Department of Mechanical Engineering and Construction, Universitat Jaume I, 12071 Castelló de la Plana, Spain.
Department of Bioengineering, Imperial College London, London SW7 2AZ, UK.
Sensors (Basel). 2024 Oct 18;24(20):6706. doi: 10.3390/s24206706.
Surface-electromyography (sEMG) allows investigators to detect differences in muscle activation due to hand pathologies. However, its use as a functional indicator and the challenges related to the required normalization have not been fully addressed. This study aimed to use forearm muscle sEMG signals to distinguish between healthy individuals and patients with hand osteoarthritis (HOA). sEMG data were collected from seven sensors on the forearms of twenty-one healthy women and twenty women with HOA during the Sollerman test. Amplitude-based parameters (median and range) were normalized using three methods: maximum signals during Sollerman tasks (MAX), during maximum voluntary contraction tasks (MVC), and during maximum effort grasping (GRASP). Waveform parameters (new-zero-crossing and enhanced-wavelength) were also considered. MVC and GRASP resulted in higher values in patients. Discriminant analysis showed the worst success rates in predicting HOA for amplitude-based parameters, requiring extra tasks for normalization (MVC or GRASP), while when using both amplitude (MAX) and waveform parameters and only Sollerman tasks, the success rate reached 90.2% Results show the importance of normalization methods, highlight the potential of waveform parameters as reliable pathology indicators, and suggest sEMG as a diagnostic tool. Additionally, the comparison of sEMG parameters allows the functional impact of suffering from HOA to be inferred.

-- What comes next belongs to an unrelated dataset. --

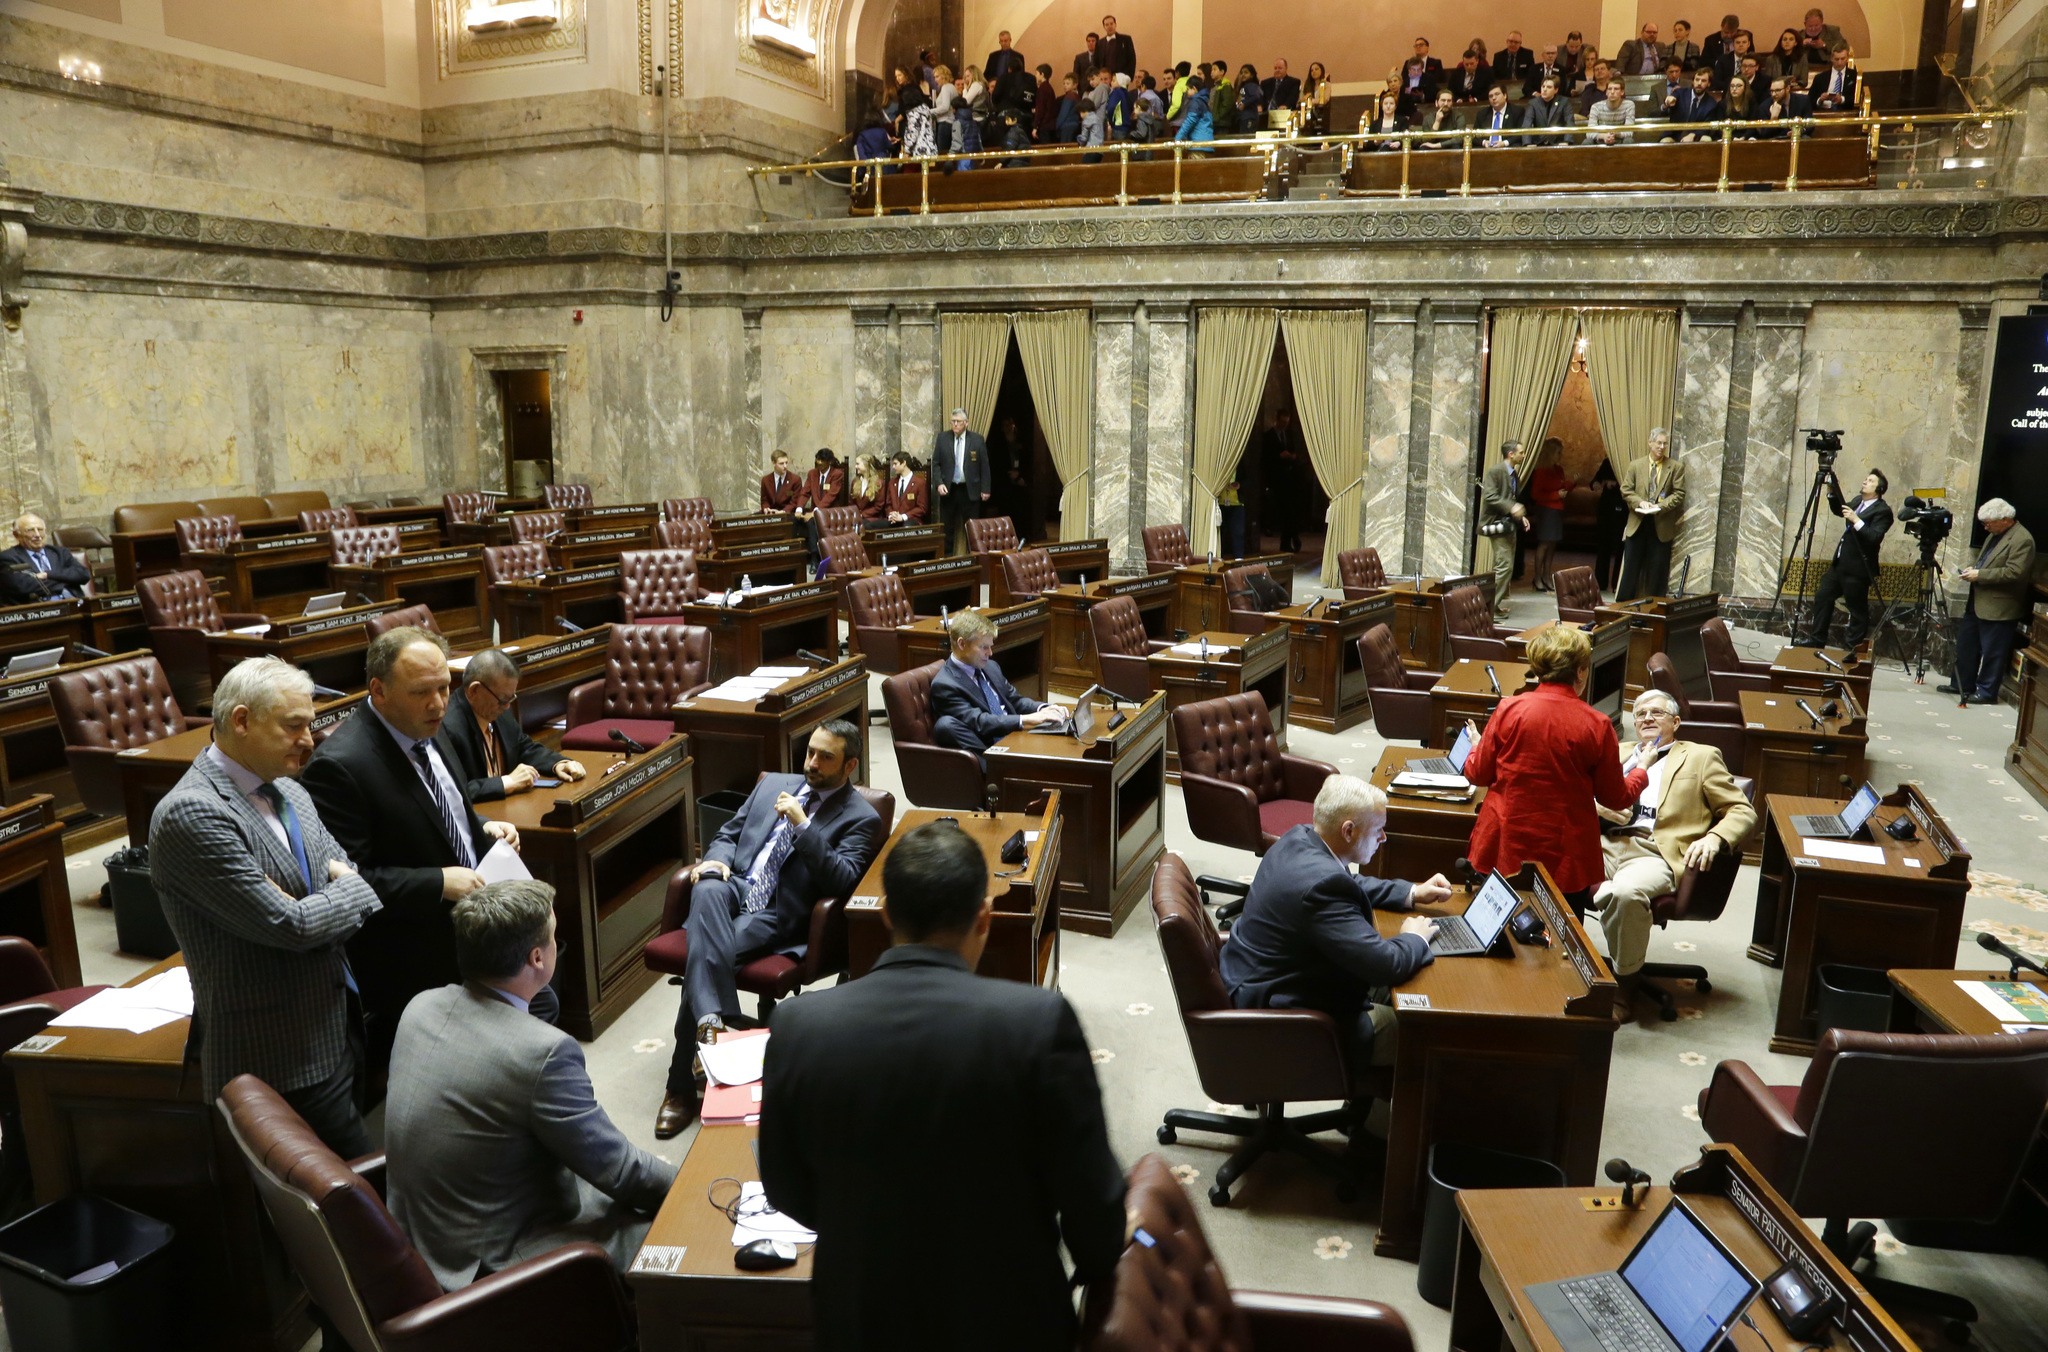 Democrats confer on the Senate floor as the Republican side sits empty during a recess Friday in Olympia. Senators were debating whether to vote on the “levy cliff” bill, which would delay a reduction in the amount of money school districts can collect though property taxes. (Ted S. Warren/The Associated Press)

表面肌电图(sEMG)可用于检测因手部疾病导致的肌肉激活差异。然而,其作为功能指标的应用以及与所需归一化相关的挑战尚未得到充分解决。本研究旨在利用前臂肌肉 sEMG 信号区分健康个体和手部骨关节炎(HOA)患者。在 Sollerman 测试中,从 21 名健康女性和 20 名手部骨关节炎患者的前臂七个传感器中采集 sEMG 数据。使用三种方法对基于幅度的参数(中位数和范围)进行归一化:Sollerman 任务期间的最大信号(MAX)、最大随意收缩任务期间的最大信号(MVC)和最大用力抓握任务期间的最大信号(GRASP)。还考虑了波形参数(新零交叉和增强波长)。MVC 和 GRASP 导致患者的数值更高。判别分析显示,基于幅度的参数预测手部骨关节炎的成功率最低,需要额外的归一化任务(MVC 或 GRASP),而当同时使用幅度(MAX)和波形参数且仅使用 Sollerman 任务时,成功率达到 90.2%。结果表明归一化方法的重要性,突出了波形参数作为可靠病理指标的潜力,并提示 sEMG 可作为诊断工具。此外,sEMG 参数的比较可推断出手部骨关节炎患者的功能影响。